→ **TASK ITEM**
Give again, unaltered, the lines of the listing below that run from the line having "aerosmith steven tyler" through the line having "More eevee comick".
SUPPLIED RECORDS START
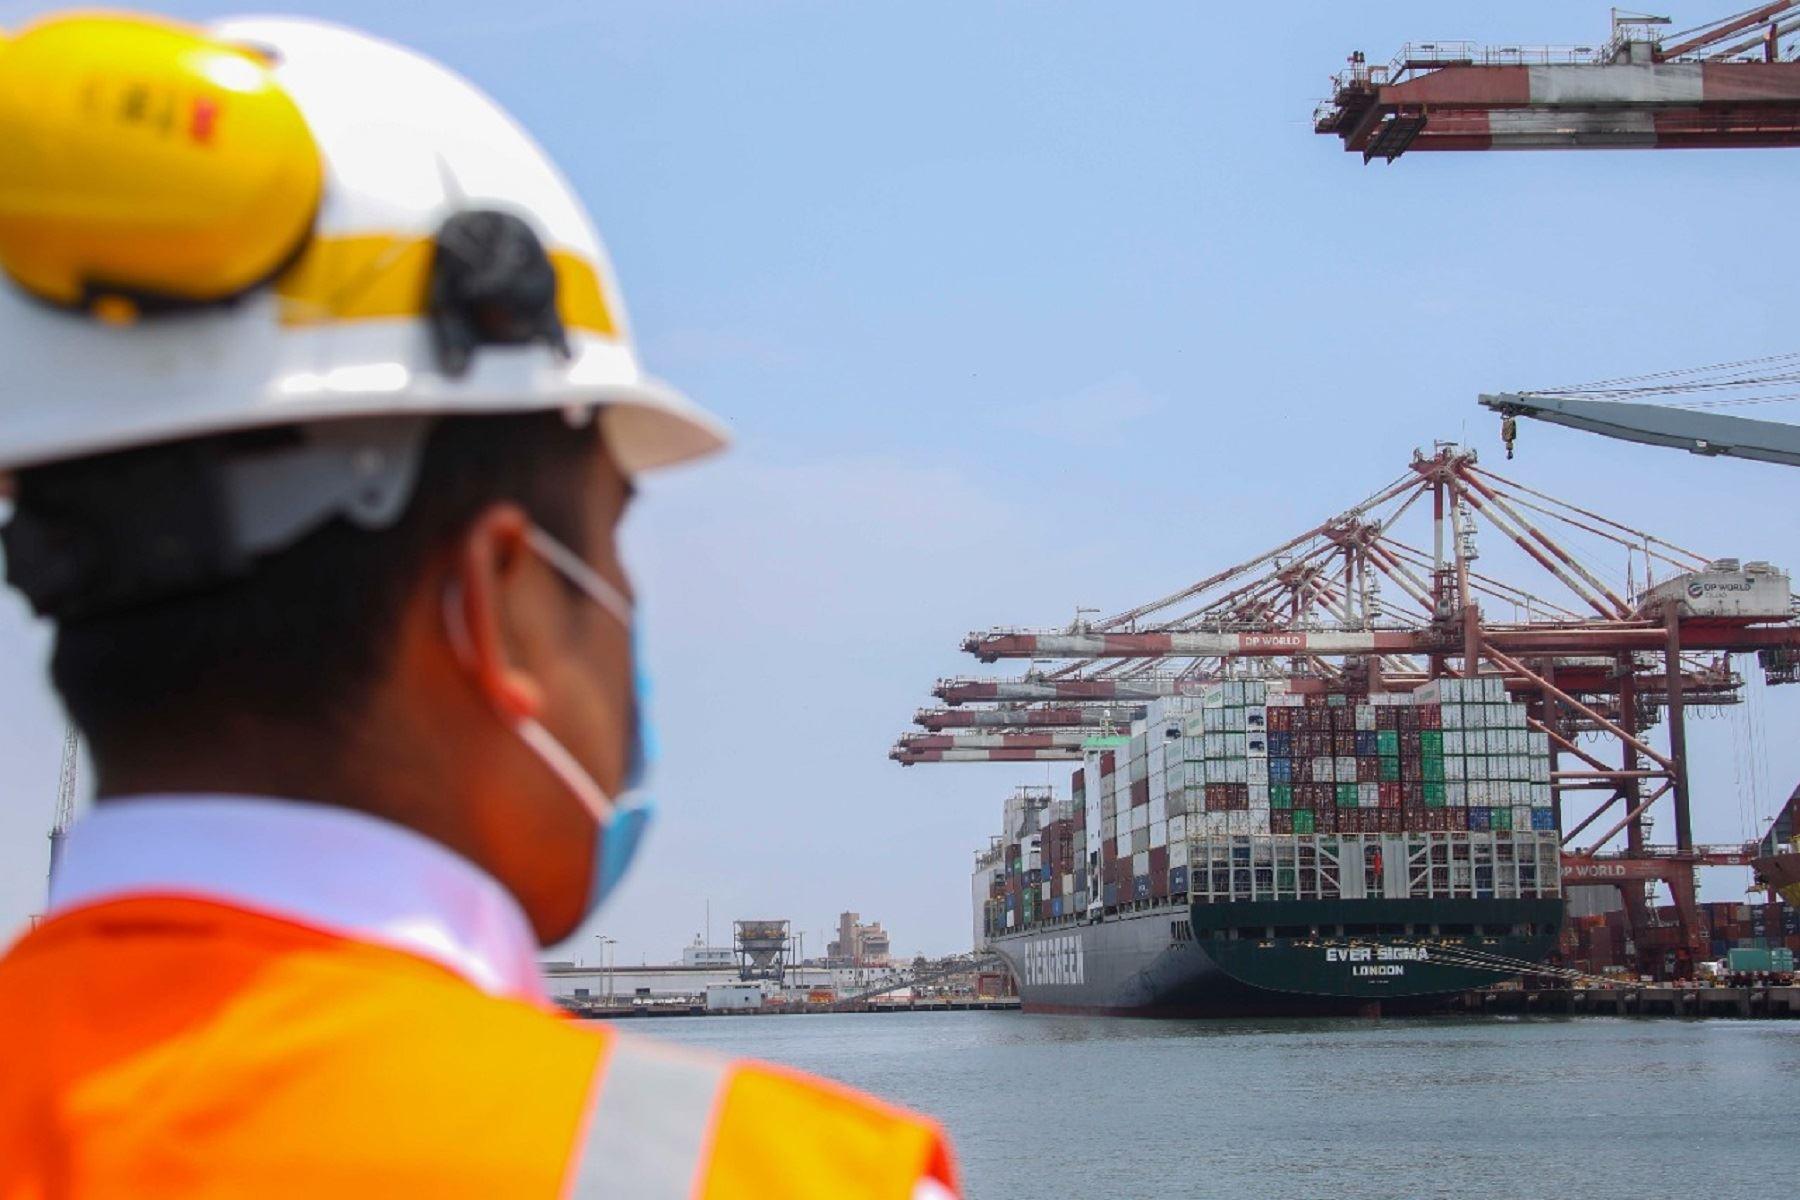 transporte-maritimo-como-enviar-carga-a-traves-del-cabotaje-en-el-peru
SUPPLIED RECORDS END
SUPPLIED RECORDS START
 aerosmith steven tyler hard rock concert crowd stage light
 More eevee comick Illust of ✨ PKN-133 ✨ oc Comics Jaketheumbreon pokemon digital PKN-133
SUPPLIED RECORDS END
→ **ANSWER TO THIS EXERCISE**
 aerosmith steven tyler hard rock concert crowd stage light
 More eevee comick Illust of ✨ PKN-133 ✨ oc Comics Jaketheumbreon pokemon digital PKN-133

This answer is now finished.